Required action:
With pictures left out, please repeat word for word the lines from the one containing "新竹火鍋|湯作鍋物|(巨城百" through the end of the records.

Extracted records:
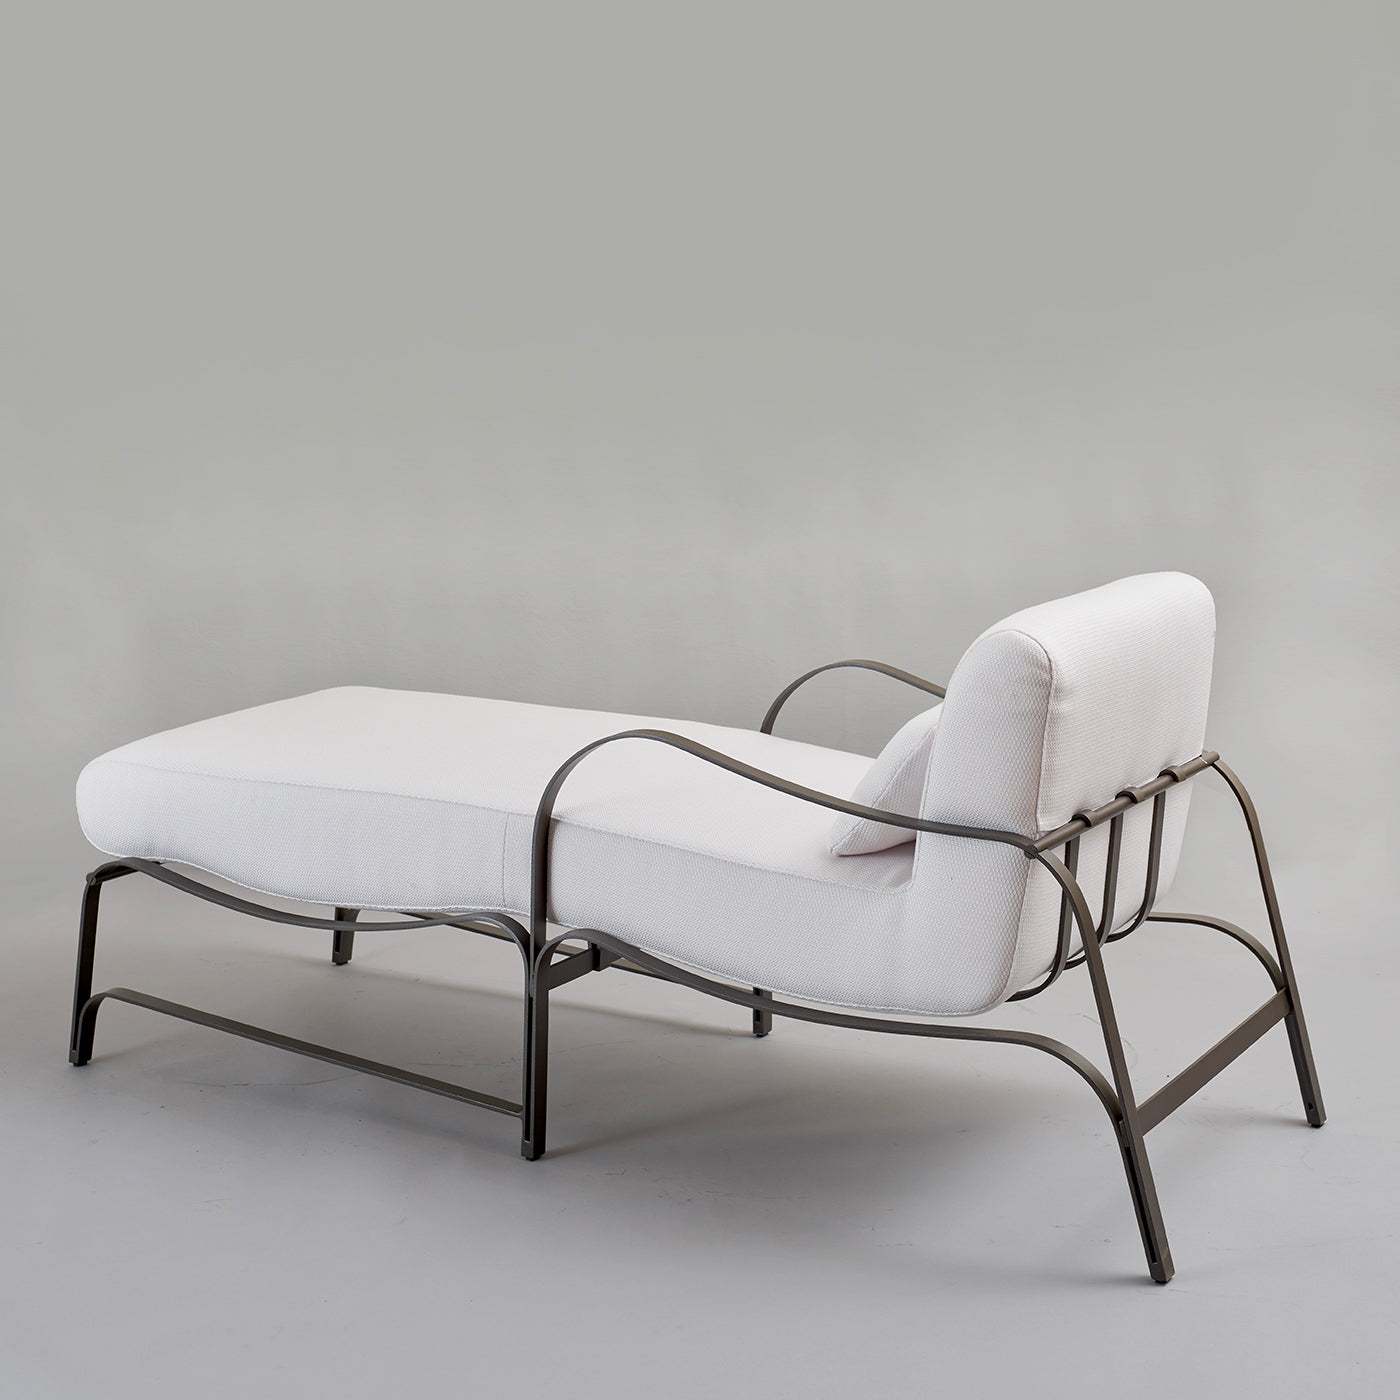 Chaise longue Amalfi blanca y gris de Studio 63 en acero inoxidable - Vista alternativa 2
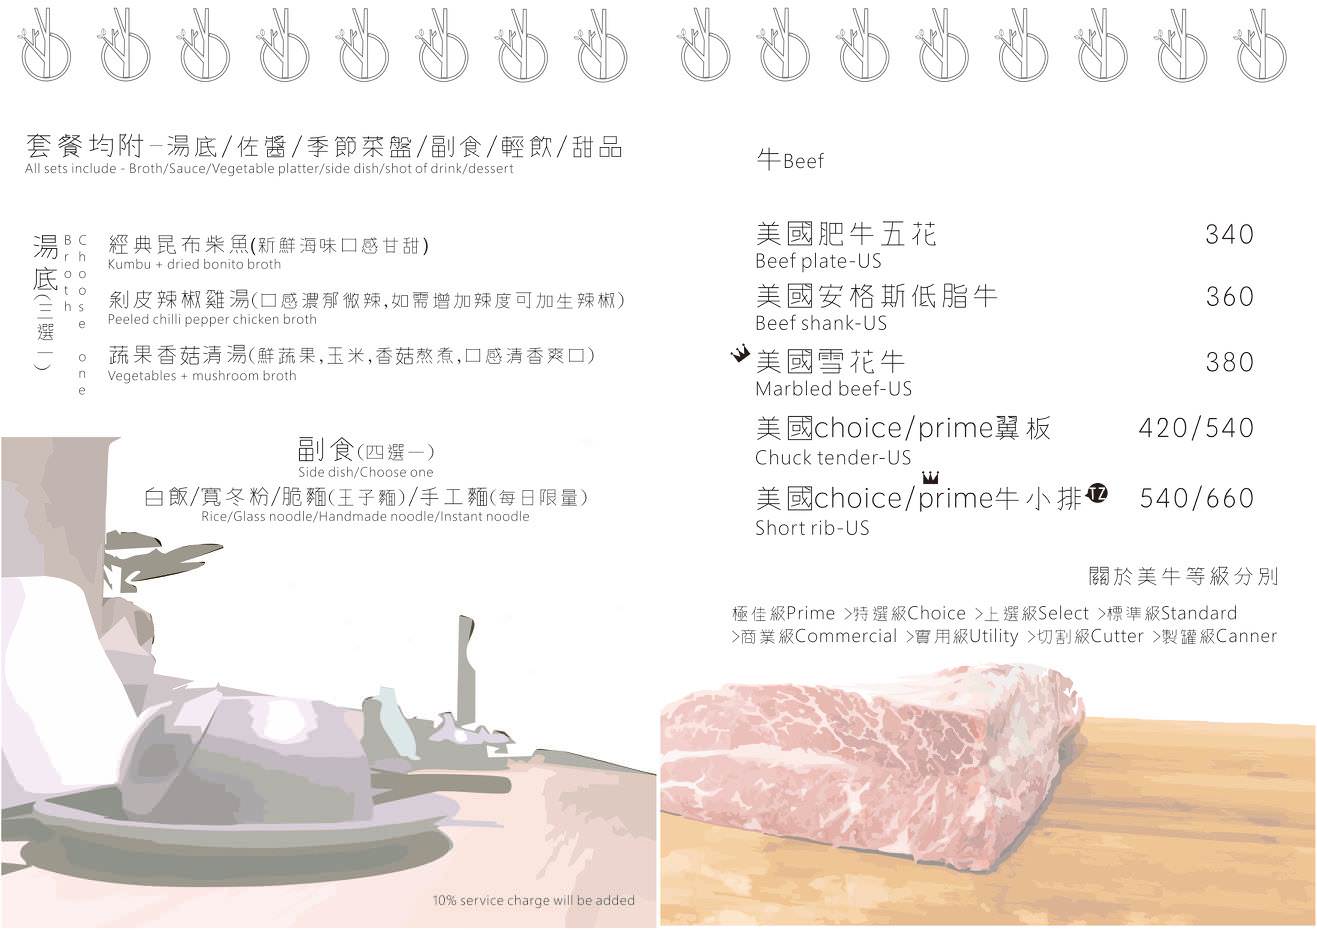 新竹火鍋|湯作鍋物|(巨城百貨旁)文青風火鍋屋~精緻肉片塔|不賣火鍋料~只有天然湯頭、蔬食和高檔肉品!
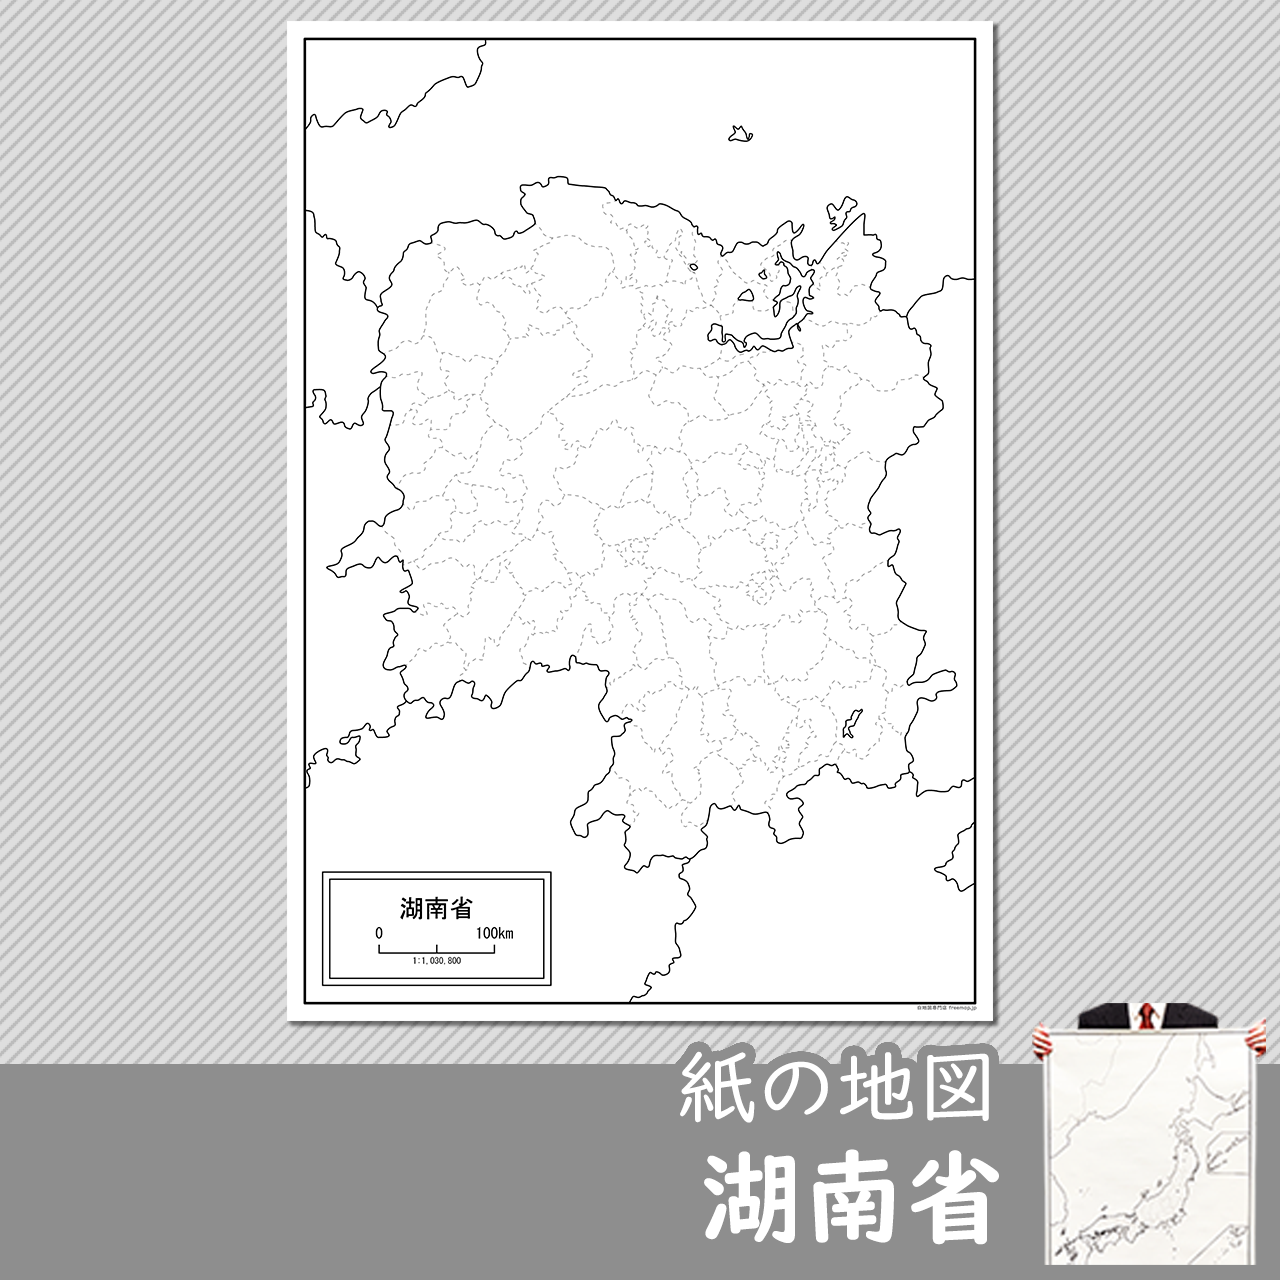 湖南省（こなんしょう）の紙の白地図のサムネイル
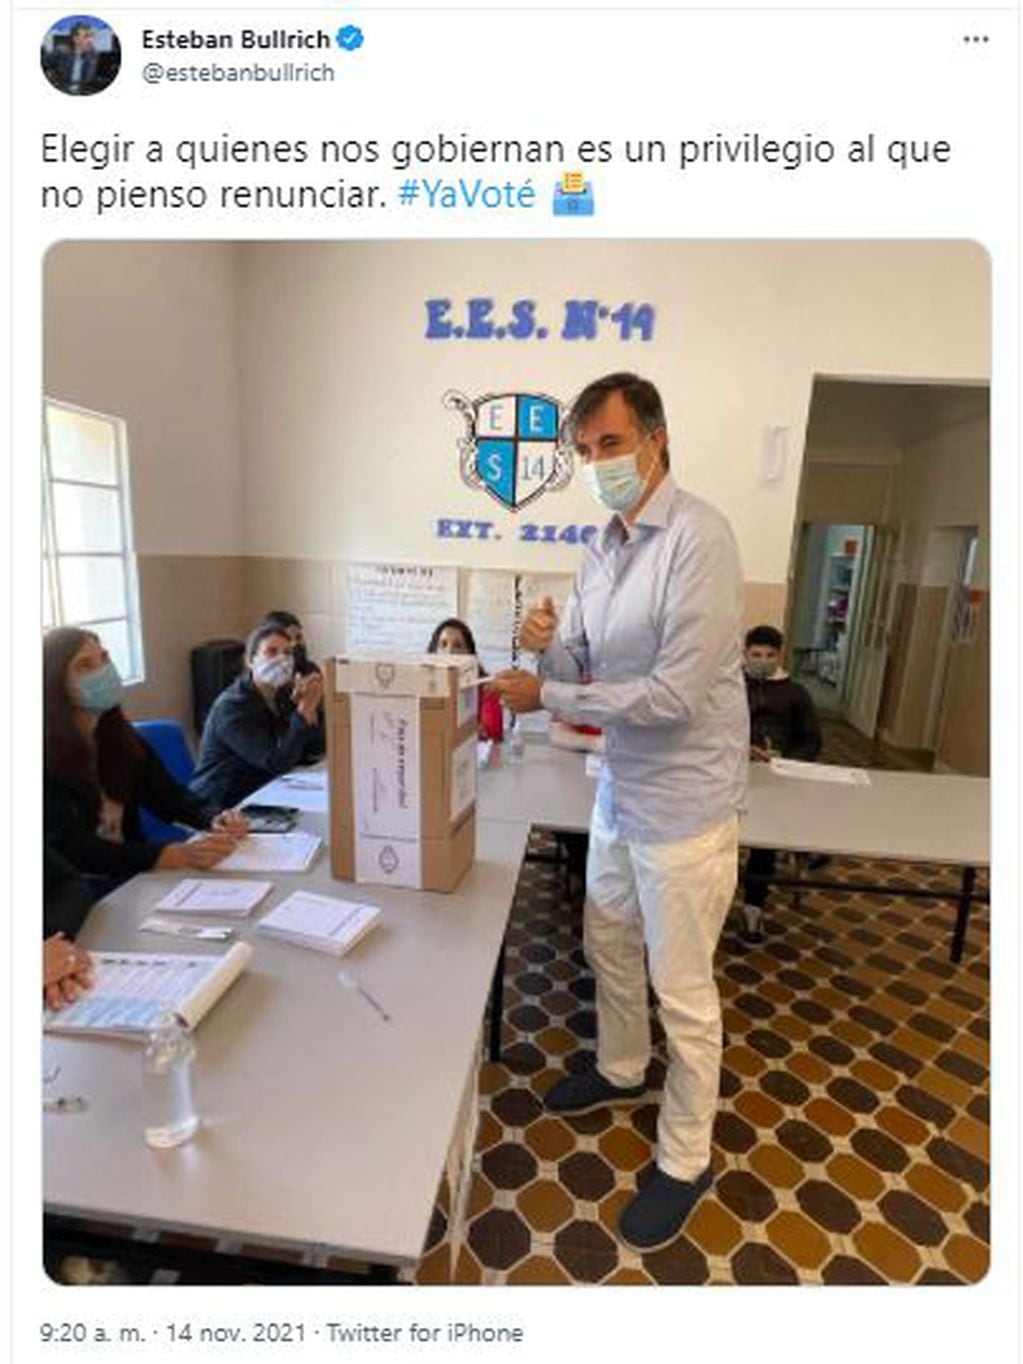 El senador nacional Esteban Bullrich, quien fue diagnosticado con ELA hace 14 meses, emitió su voto en la ciudad bonaerense de Junín.
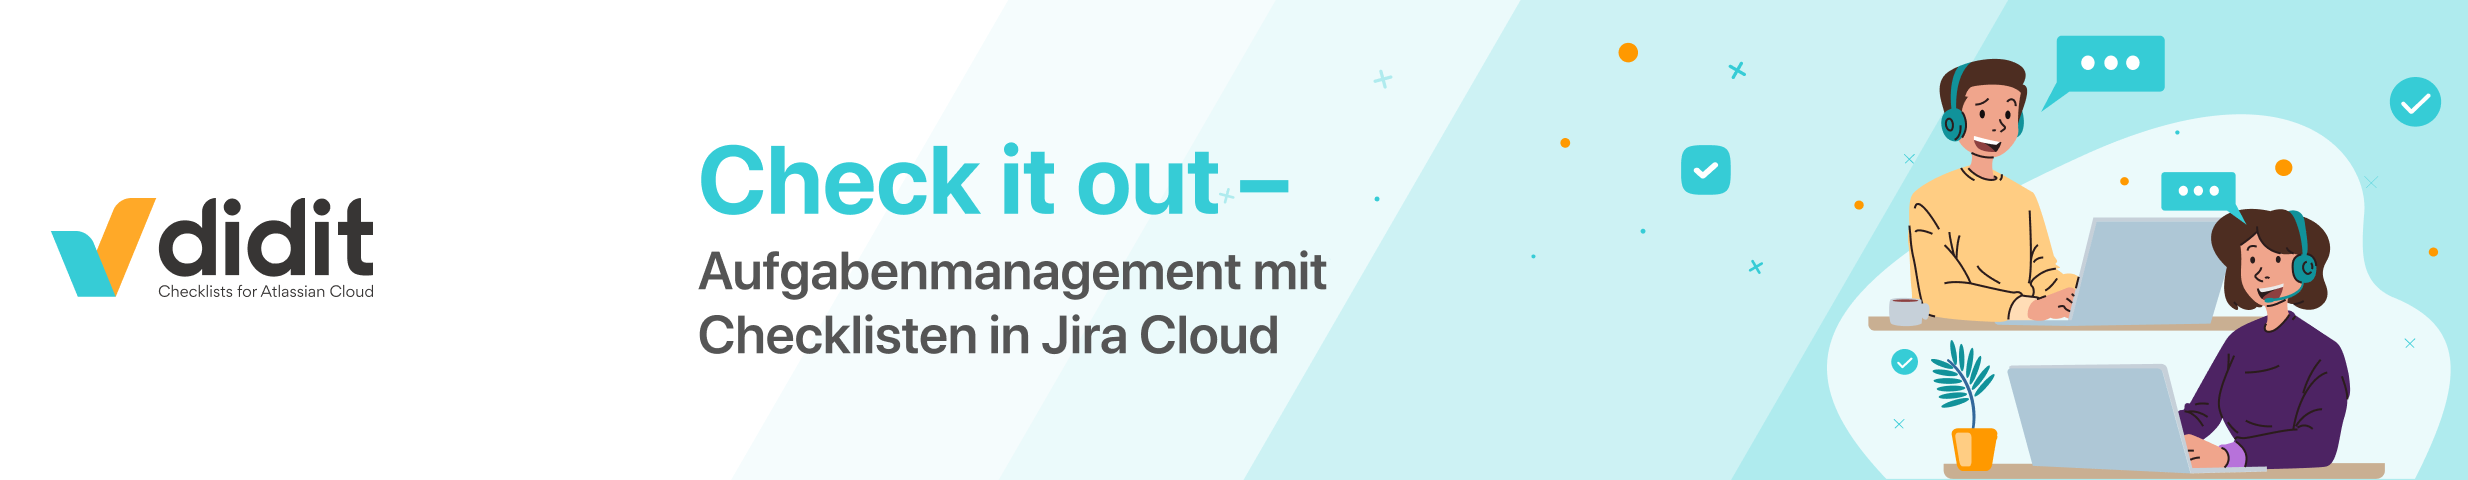 Header - Checklisten für das Aufgabenmanagement in Jira Cloud

Solution to this problem:
 新竹火鍋|湯作鍋物|(巨城百貨旁)文青風火鍋屋~精緻肉片塔|不賣火鍋料~只有天然湯頭、蔬食和高檔肉品!
 湖南省（こなんしょう）の紙の白地図のサムネイル
 El senador nacional Esteban Bullrich, quien fue diagnosticado con ELA hace 14 meses, emitió su voto en la ciudad bonaerense de Junín.
 Header - Checklisten für das Aufgabenmanagement in Jira Cloud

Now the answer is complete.